Don’t forget about Jacob Peterson, who did not look out of place when he was situated in the Sharks’ top six at the end of last season. Labanc, too, played well for a stretch alongside Hertl and Timo Meier.

There’s also the possibility of William Eklund being a top-six forward, which brings us to …

Can a young forward crack the opening night roster?

Two years after the Sharks made him the seventh overall draft pick, Eklund feels he’s ready to become a full-time NHL player, and he’ll get an opportunity to show what he can do. But working against Eklund, 20, and fellow roster hopeful Thomas Bordeleau, 21, is the sheer number of forwards the Sharks have who require waivers.
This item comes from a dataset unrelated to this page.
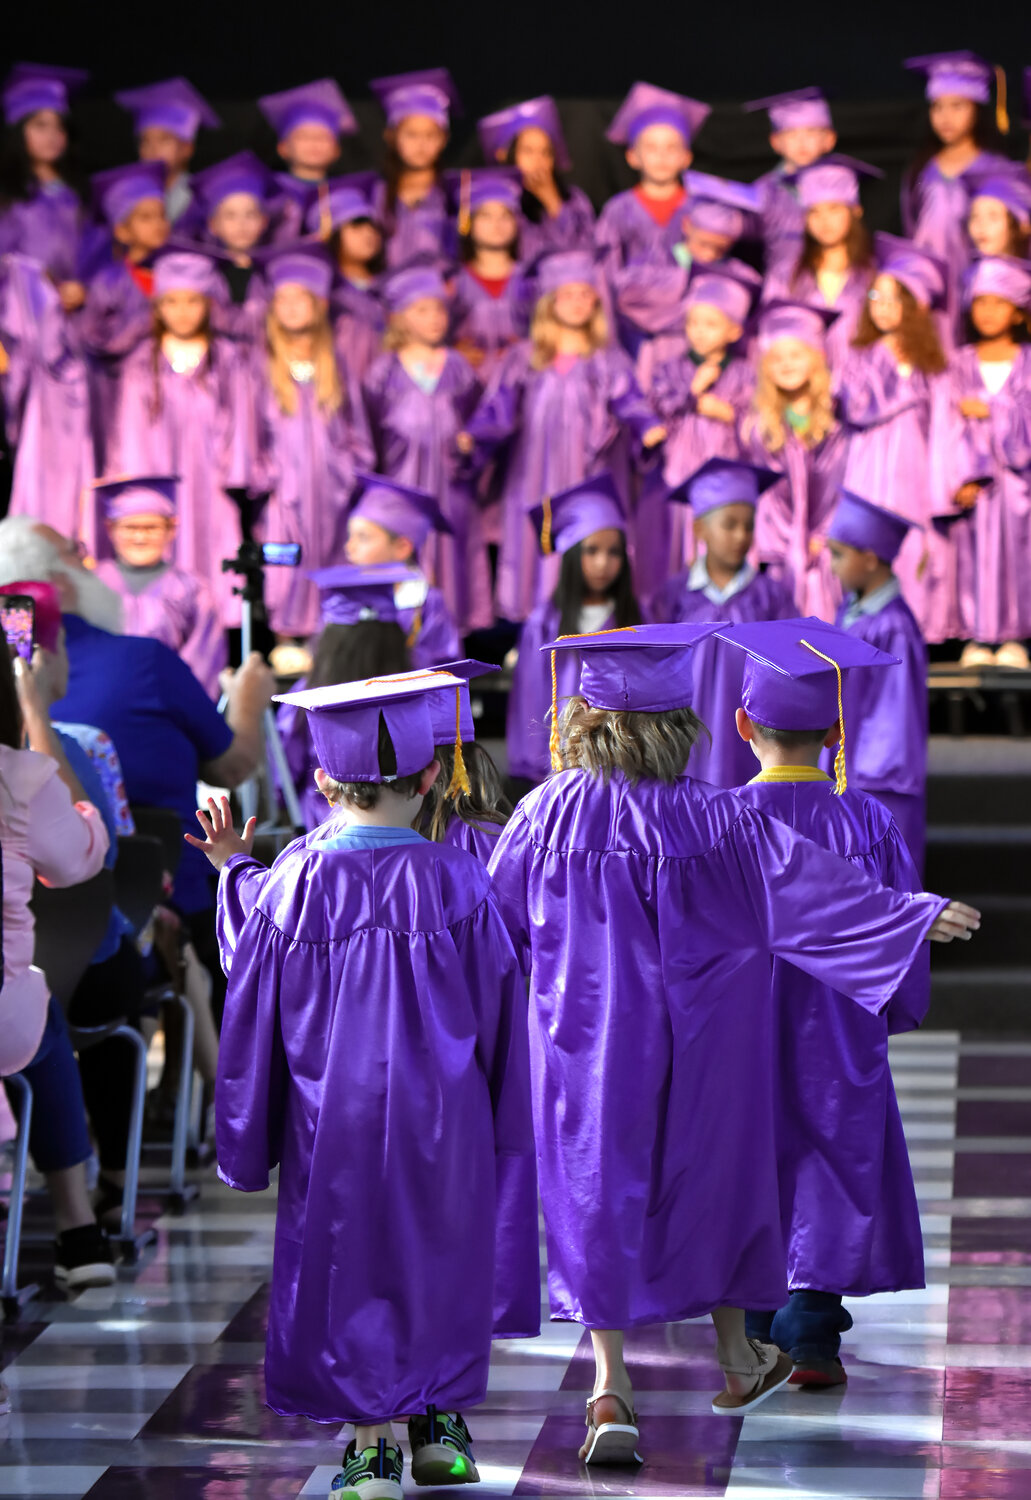 All 69 kindergarten students at Nettie Baccus Elementary School make their way to the stage for the annual graduation ceremony on May 23.

The Sharks, per CapFriendly, have 17 forwards who would require waivers to be demoted to the AHL, and at least 11 of those players could be considered locks to make the roster given their salaries and past production. The Sharks will only keep 13 or 14 forwards for the start of the regular season.

To grab one of the few remaining open spots, Eklund and Bordeleau, two of the Sharks’ top prospects, know that to force San Jose’s management into an uncomfortable decision, they’ll need to shine from day one of camp and not let up throughout the preseason.

“Go out and make an impression every day,” said Todd Marchant, the Sharks’ director of player development. “You’ve got to make a statement and you’ve got to show the coaching staff and the management that you belong in the NHL, and you’re going to do whatever it takes to get there.”